Adds ConnectionClosedException to the retry list. These surface fairly often, and currently lead to task failures.
Removes the read() on the abort.

When the abort() is called on stream close, it will do a read().

When the abort is a result of a reset after an exception, in the resetForRetry(), the read() throws an exception:

software.amazon.awssdk.core.exception.RetryableException: Data read has a different checksum than expected. 
Was 0x06625dea76e80c661d03ca53f74a3f11, but expected 0x00000000000000000000000000000000

This seems to be because after a failure the underlying stream will return a -1, and this triggers SDK's checksum validation. Since the read was not completed, the checksums are not updated, and the validation and the abort() fails.

While this does not appear to have any impact as such, it does add a lot of noise to the logs. And instead of doing a read() to check EoF, this can be determined from the current pos in the stream vs content length. This is what S3A does as well, here: https://github.com/apache/hadoop/blob/trunk/hadoop-tools/hadoop-aws/src/main/java/org/apache/hadoop/fs/s3a/S3AInputStream.java#L732

stubz151 · 2025-10-14T14:58:55Z

aws/src/main/java/org/apache/iceberg/aws/s3/S3InputStream.java

    }
  }

+  private long remainingInCurrentRequest() {


[nit] remainingInCurrentRequest should be bytesRemainingInCurrentRequest

singhpk234 · 2025-10-14T16:05:01Z

aws/src/main/java/org/apache/iceberg/aws/s3/S3InputStream.java


-  S3InputStream(S3Client s3, S3URI location) {
-    this(s3, location, new S3FileIOProperties(), MetricsContext.nullMetrics());
+  S3InputStream(S3Client s3, S3URI location, long contentLength) {


can you make a new constructor for using these arguments ?

This class is protected/private so we don't necessarily need to create a new constructor, but I'm not convinced we actually should do this.

singhpk234 · 2025-10-14T16:12:20Z

aws/src/main/java/org/apache/iceberg/aws/s3/S3InputFile.java

      return AnalyticsAcceleratorUtil.newStream(this);
    }
-    return new S3InputStream(client(), uri(), s3FileIOProperties(), metrics());
+    return new S3InputStream(client(), uri(), s3FileIOProperties(), metrics(), getLength());


Re: getLength()

While this does not appear to have any impact as such, it does add a lot of noise to the logs

if this is just for logs there can be cases where the getLength() could be a getObjectMetadata call to s3 is it a valid tradeoff ?

That read() causes the abort to fail, as it throws the exception.
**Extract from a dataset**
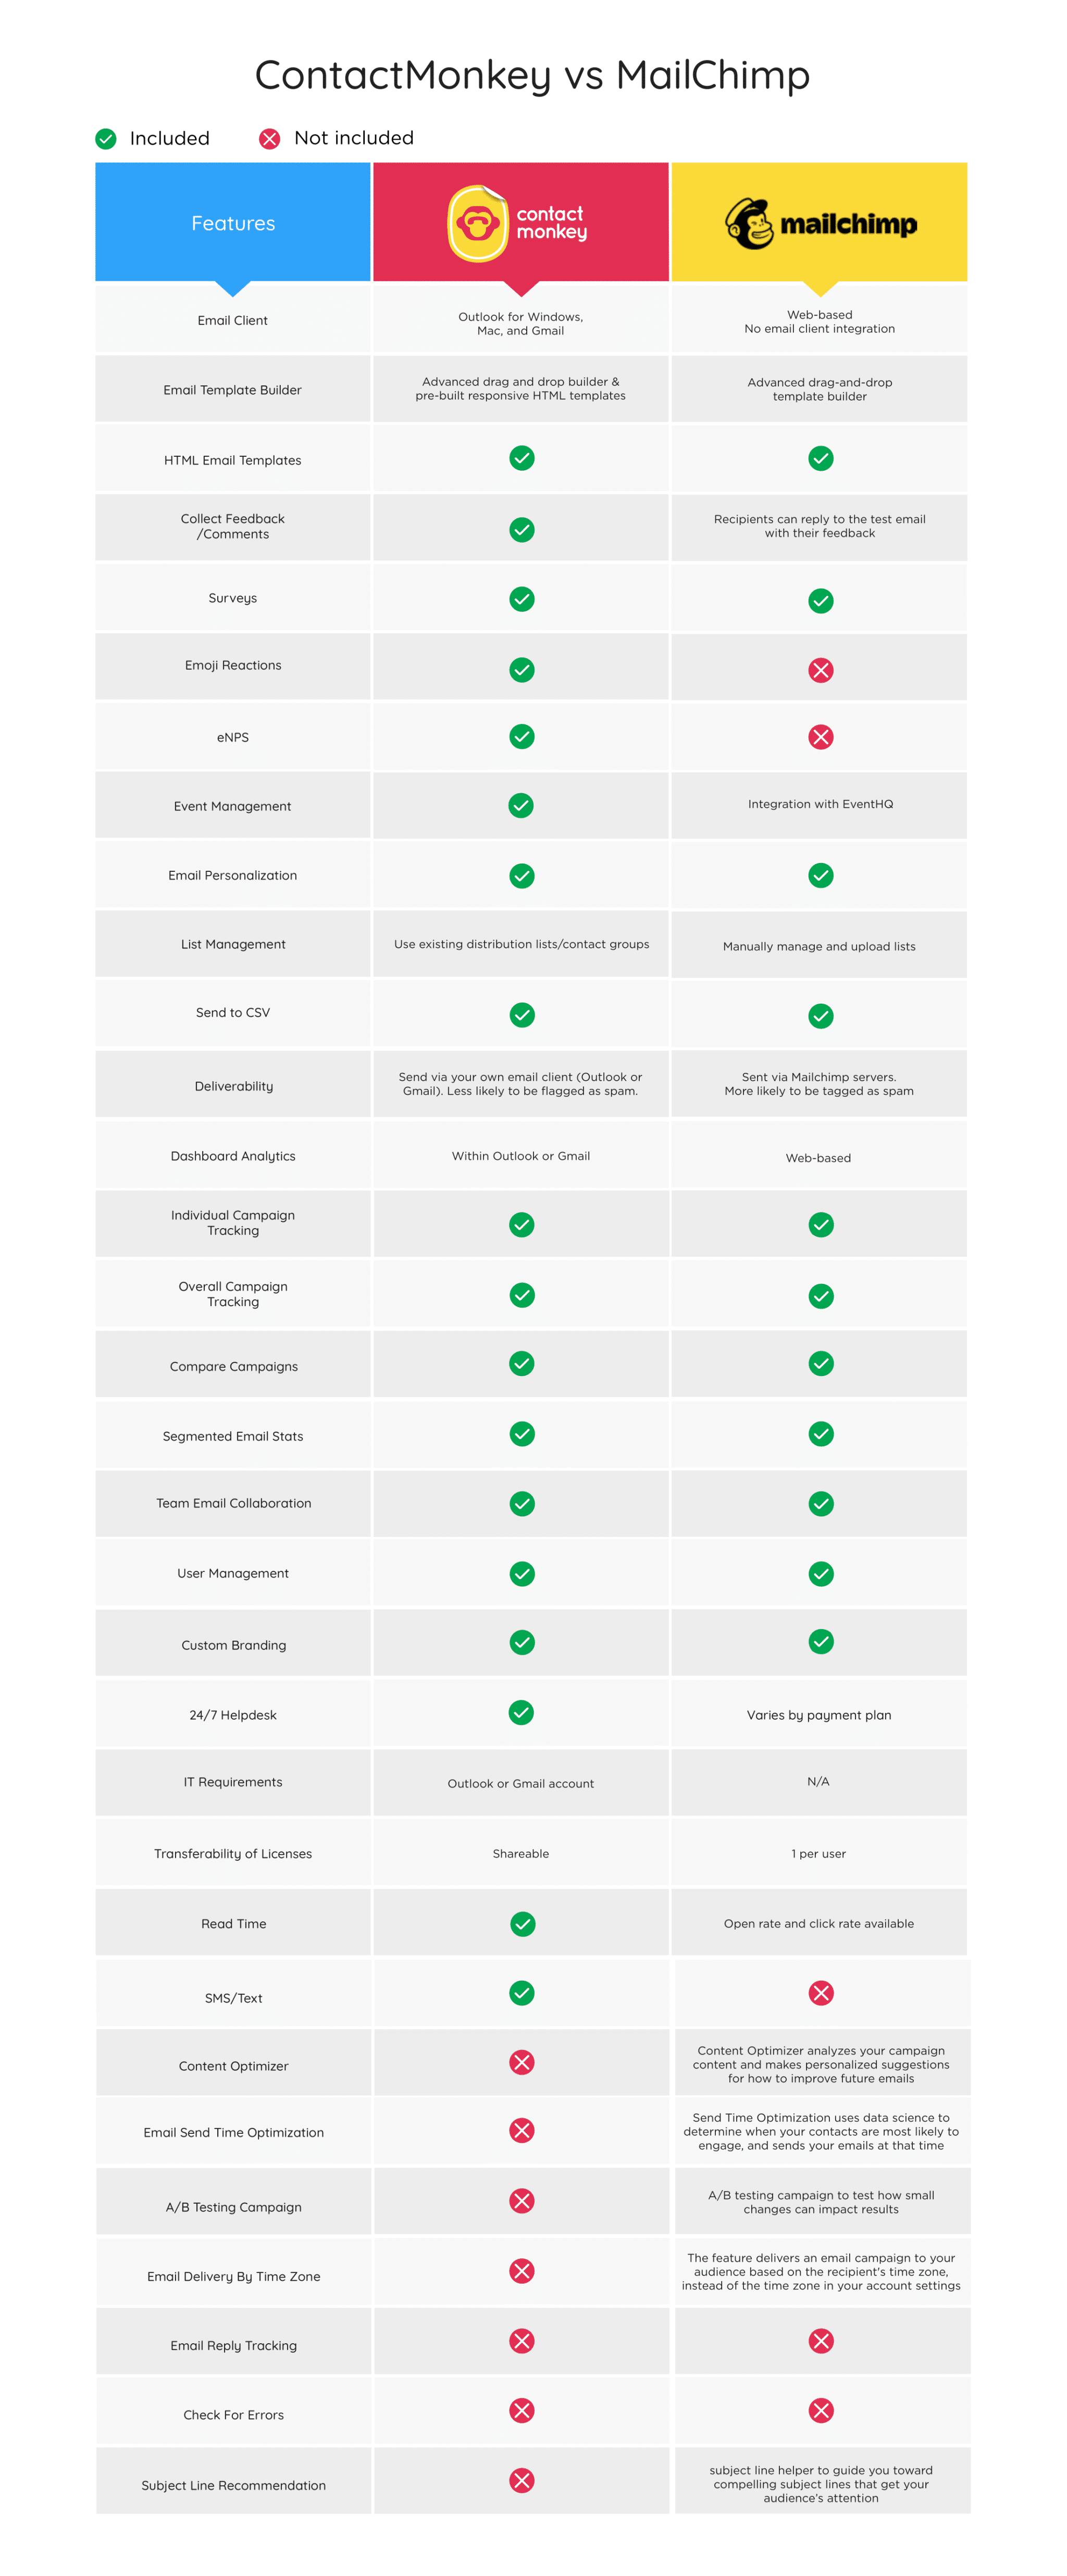 Image of comparison table breaking down the features of ContactMonkey and Mailchimp.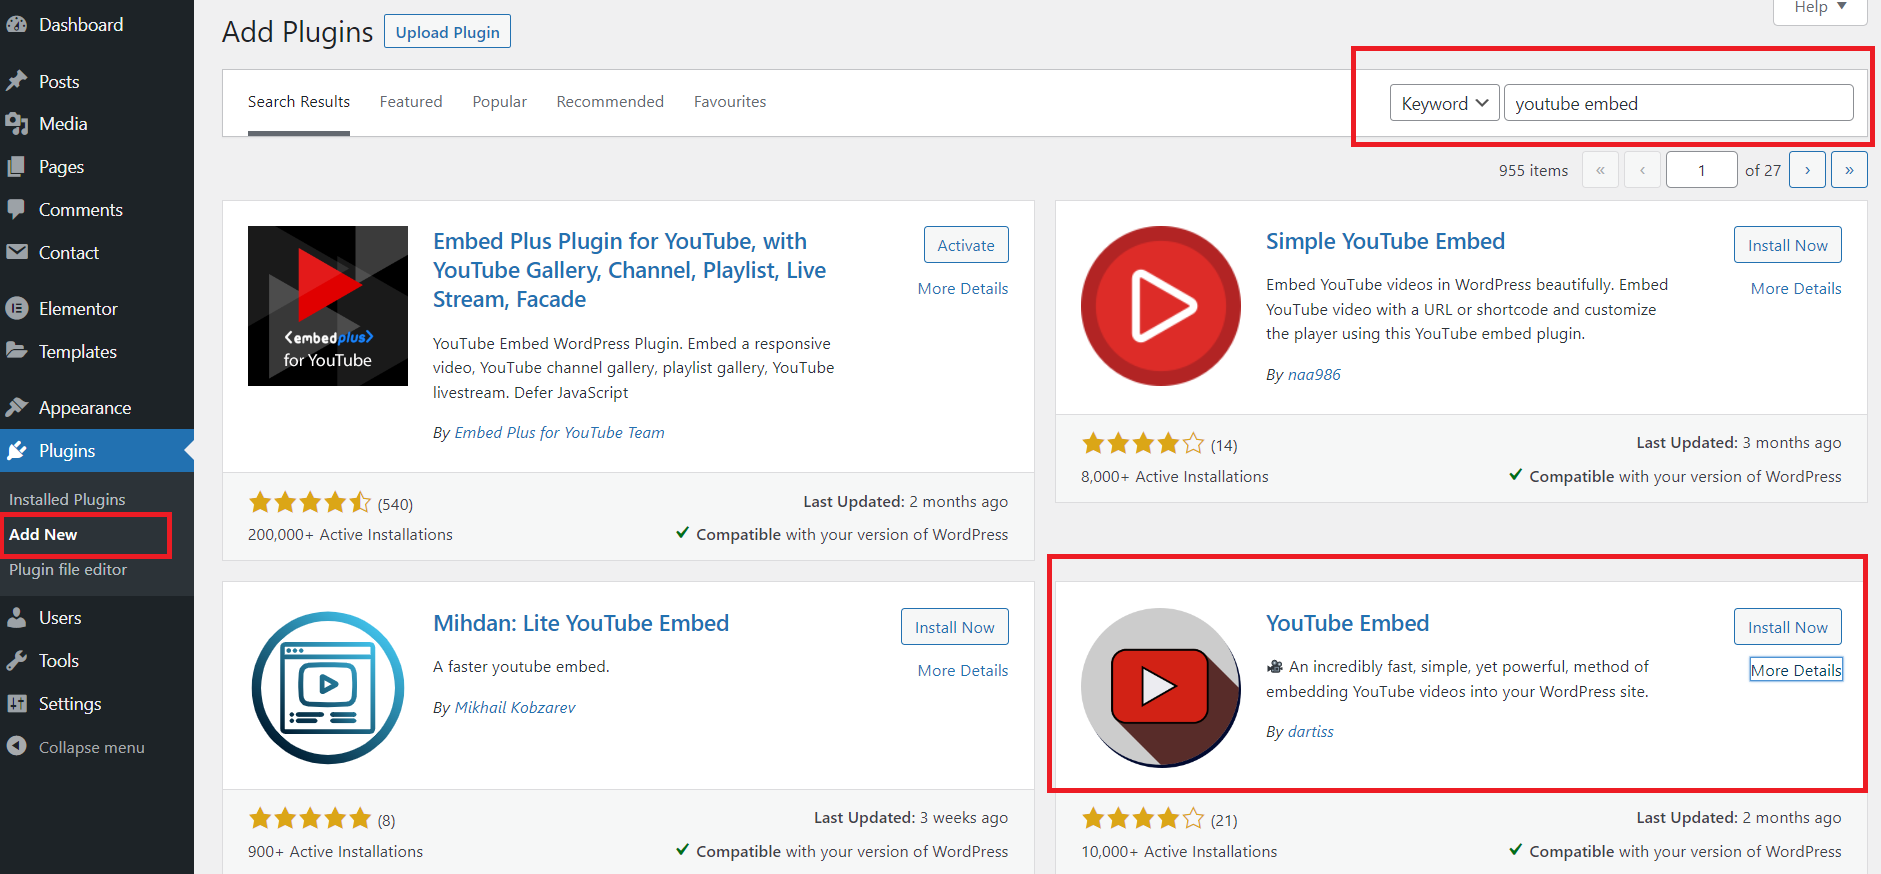 How To Embed YouTube Videos In WordPress Easily

The abort() code will swallow the exception right now, but this shows up as

software.amazon.awssdk.core.exception.RetryableException: Data read has a different checksum than expected. Was 0x4dd4fa955ccf4a27e2f635a22948298d, but expected 0x00000000000000000000000000000000. This commonly means that the data was corrupted between the client and service. WARN S3InputStream: An error occurred while aborting the stream

And this happens pretty frequently.

I'm still quite new to iceberg, but from my understanding, by this point we should already have the length and this shouldn't result in a new HEAD call, I expect:

Either its been passed down from the metadata from the avro metadata files

Or the parquet reader has already asked for it to figure out what bytes it needs for the footer.

I don't think this getLength() call will cause an extra HEAD, but could totally be wrong. what do you think?

by this point we should already have the length and this shouldn't result in a new HEAD call

Icebergs metadata.json and manifest list would not have content length but subsequent reads down the iceberg metadata tree i,e mainifest / data / delete files should have it

How about correcting the error message ? if this is too much of a noise

So you're saying removing the LOG.warn("An error occurred while aborting the stream", e);? Not sure if we want that abort() to fail silently.

I'm trying to see if I can figure out what it really means if an abort() fails on a stream that threw an exception. For eg, what's happening right now is:

* We opened a stream from 0-EoF, where EoF is 500MB * After reading 100MB, a retryable exception was thrown * In the resetForRetry(), abort() is called, but it fails because the `read()` fails.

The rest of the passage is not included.